Well, we know who the producer is! Isn’t that enough? If it’s put on by Belasco, it’s great; if it’s put on by anybody else, it’s a frost—and there you are. That is, anybody but Klaw and Erlanger. No use throwing the hooks into them too hard. They pull too much influence with our bosses.

HILL

(with a self-amused grin)

I wonder what the magazine er-um-um critics, as they choose to call themselves, will think of this play?

DIXON

Humph! Magazine critics? Why they’re all young fellows. Impudent, too! They think that just because they’re educated they know more about the game than we do—than I do—and I’ve had my opinions quoted on as many as two hundred garbage cans in one week!

SUMMERS

Ah, dear me, gentlemen. In my time, a critic was a person with a taste for drama; to-day a critic is largely a person with a taste for quotation in the Shubert ads.

FENEMY

(to the others, tapping his temple significantly with his forefinger)

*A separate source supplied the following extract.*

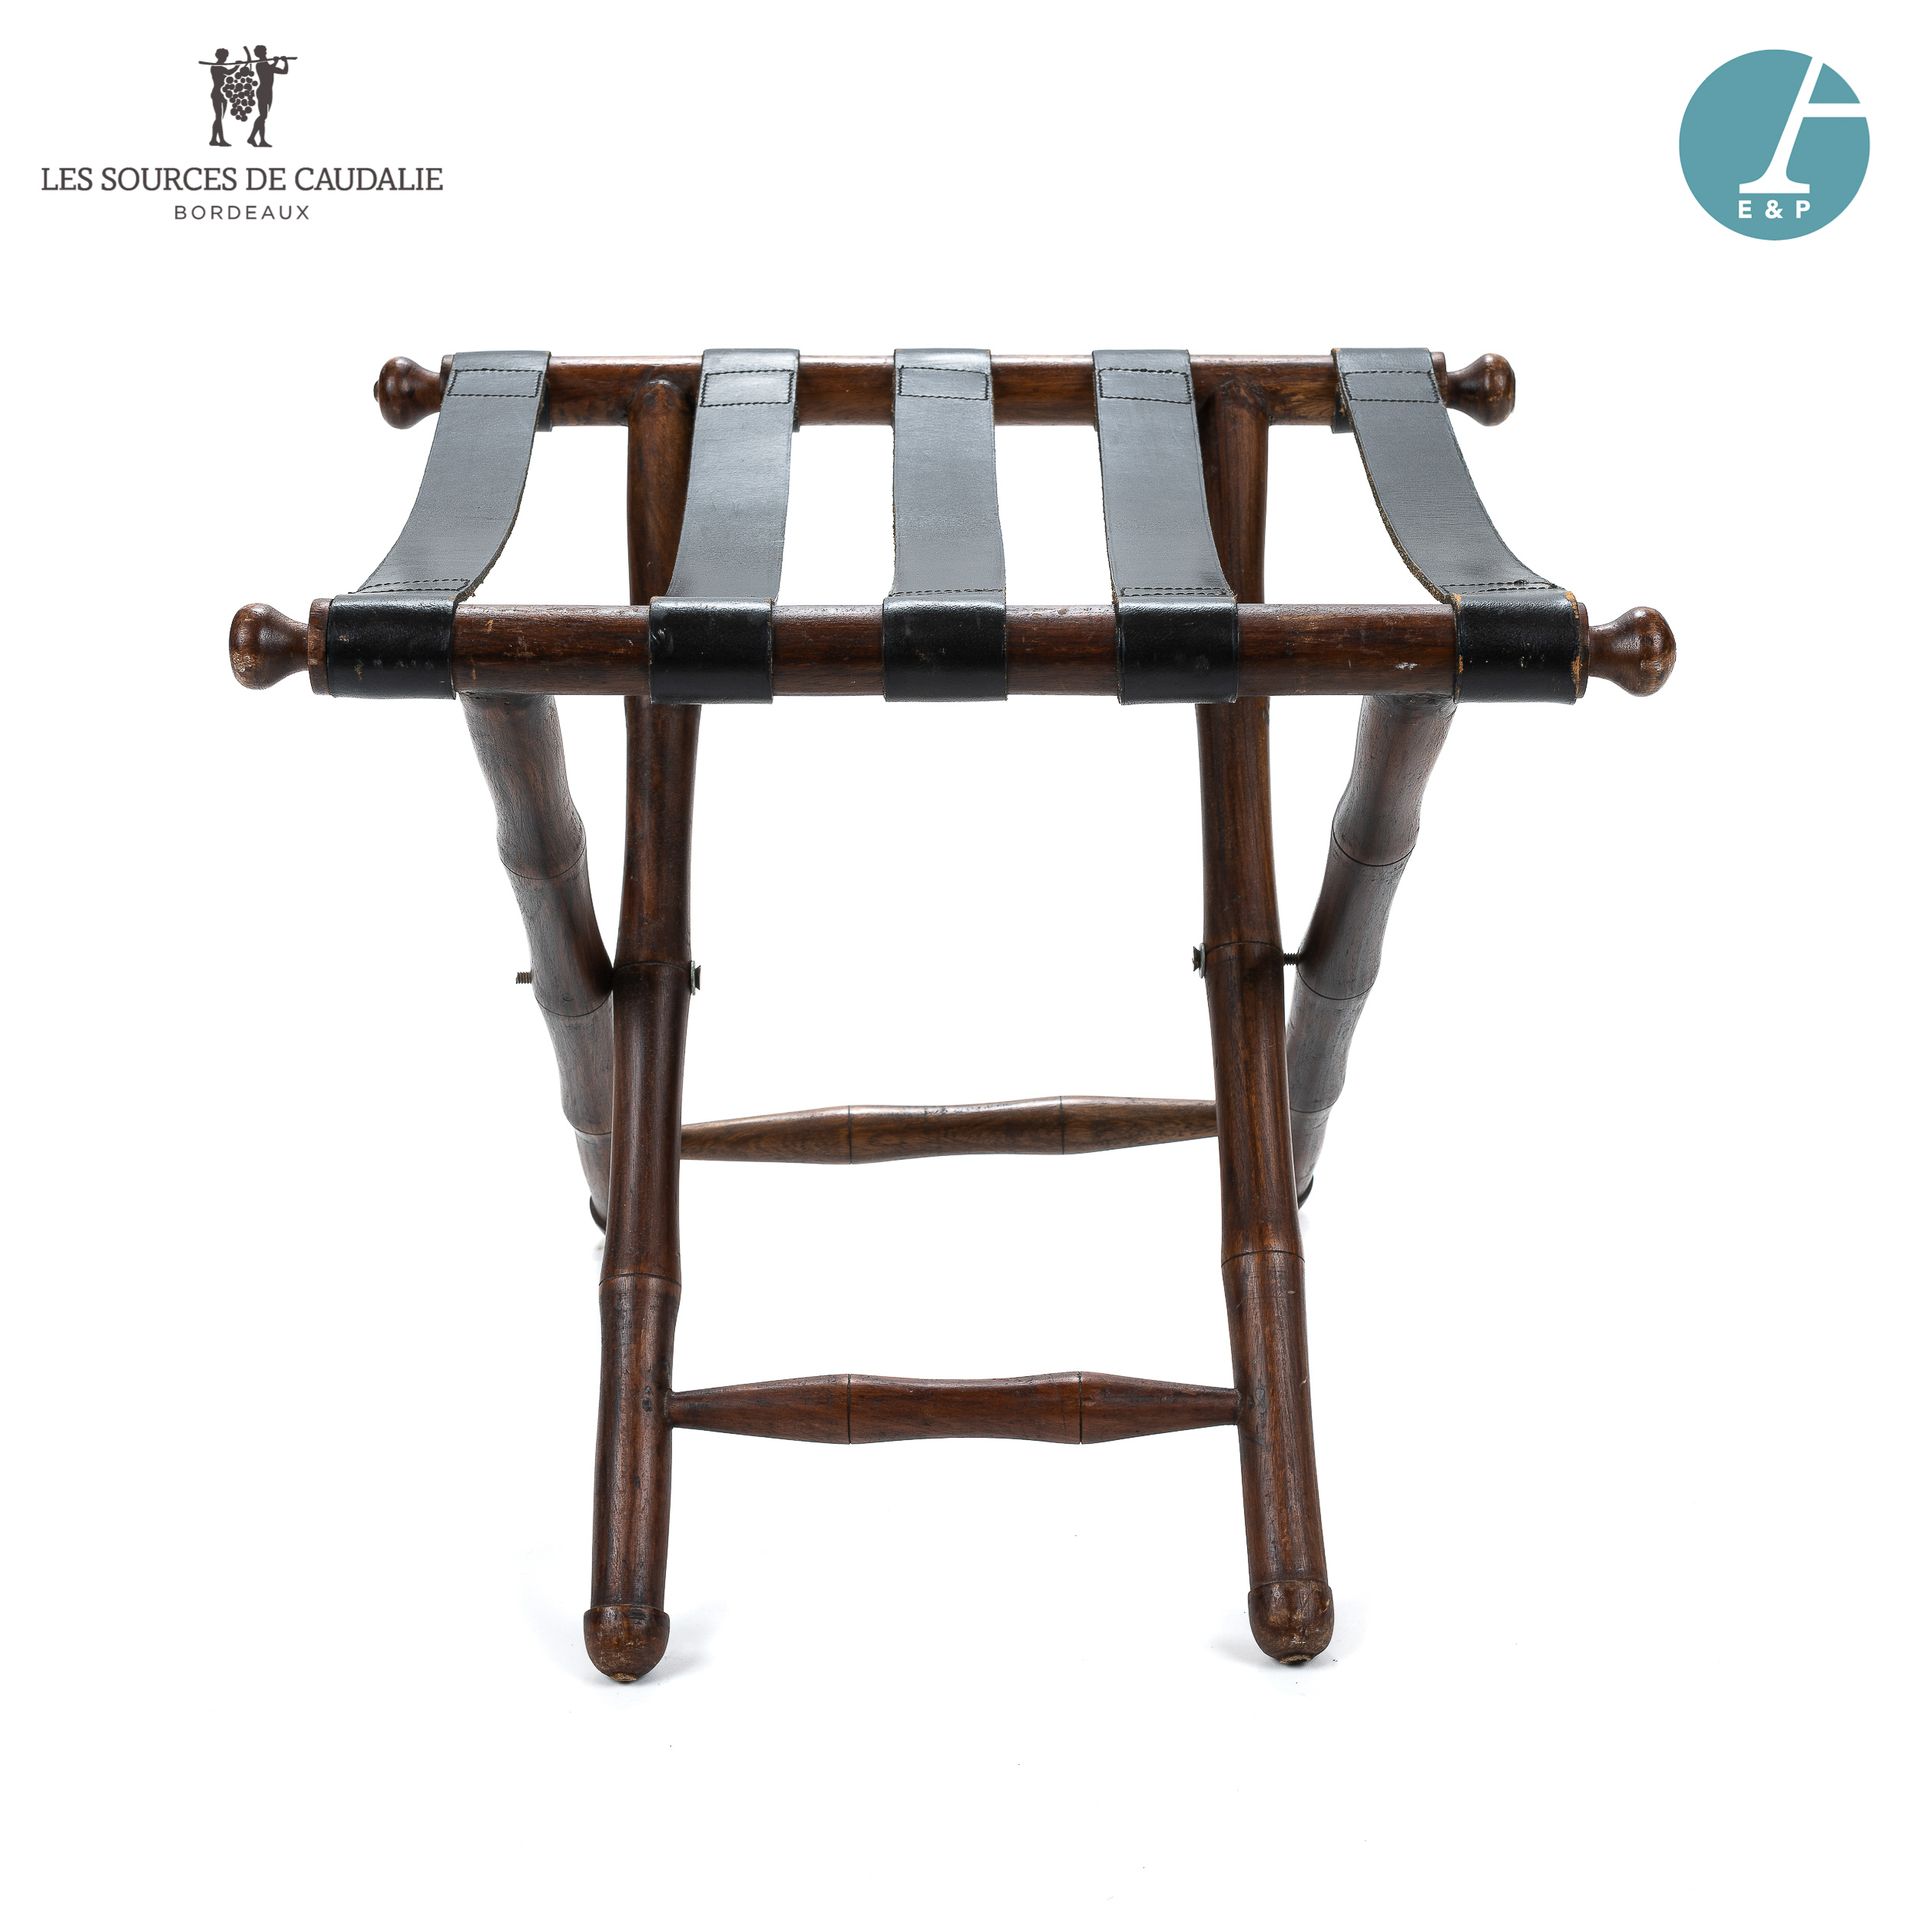 Null From Room n°4 "Les Douelles".

Folding luggage rack in stained wood in maho&hellip;

The poor chap actually thinks Molière knew more about playwriting than Jules Eckert Goodman!

HILL and DIXON

(laughing uproariously)

Fine! Fine!! Better use that line in your review tomorrow. Of course it hasn’t anything to do with Fanny’s Second Play, but that doesn’t matter. It’s too good to lose.

HILL

By the way, the Dramatic Mirror wrote me for my picture to-day. They’re going to print it in the next number. Pretty good, eh?

FENEMY

I should say yes! I wish I could get as much advertising as you get, Hill.

HILL

(suddenly)

By Jove! An idea! What if this play we saw tonight was written by Belasco, after all?

SUMMERS

Impossible, gentlemen. Had Mr. Belasco written it, we should have had an inkling of the fact through the recent lawsuit calendars.

FENEMY

Maybe it’s by Augustus Thomas. It’s got a lot of thought in it!

HILL

Yes, it certainly is full of thought!

DIXON

Sure, it’s got a pile of thought in it all right enough!

SUMMERS

(lifting his eyebrows)

What thought, gentlemen?

FENEMY

Didn’t you catch that curious new word in the second act? What was it, Dixon?

HILL

Psychothrapy.

DIXON

No, you mean psychothrupy.

FENEMY

No, no, it is psychothripy.

SUMMERS

Gentlemen, you mean psychotherapy.

ALL

Well, it doesn’t matter. It’s thought, anyway—something snappy and new. And Augustus Thomas is the only American playwright who thinks.

DIXON

Did you notice that reference to the “sweet and noble mother”? I think Roi Cooper Megrue wrote it—and I don’t like Megrue. He’s too fat looking. I think the play is punk.

HILL

But that third act attempted seduction climax sounds to me like Sheldon.

DIXON

(quickly)

Oh, then the play’s all right!

HILL

But we must remember that Sheldon is a young man and that he is a Harvard graduate. He needs taking down a little.

DIXON

But he’s a good friend of my dear friend Mrs. ——. Anyway, if only Belasco——.

FENEMY

(interrupting)

Well, I’ve got to get down to the office and write my review.

(looking at watch)

It’s got to be in at twelve o’clock and it’s ten minutes of twelve now, and I’ve got to fill a column.

(exits)

HILL

Between us, Dixon, I personally enjoyed this play immensely; but professionally, I think it’s very bad.

DIXON

My idea exactly. Of course, if Belasco——.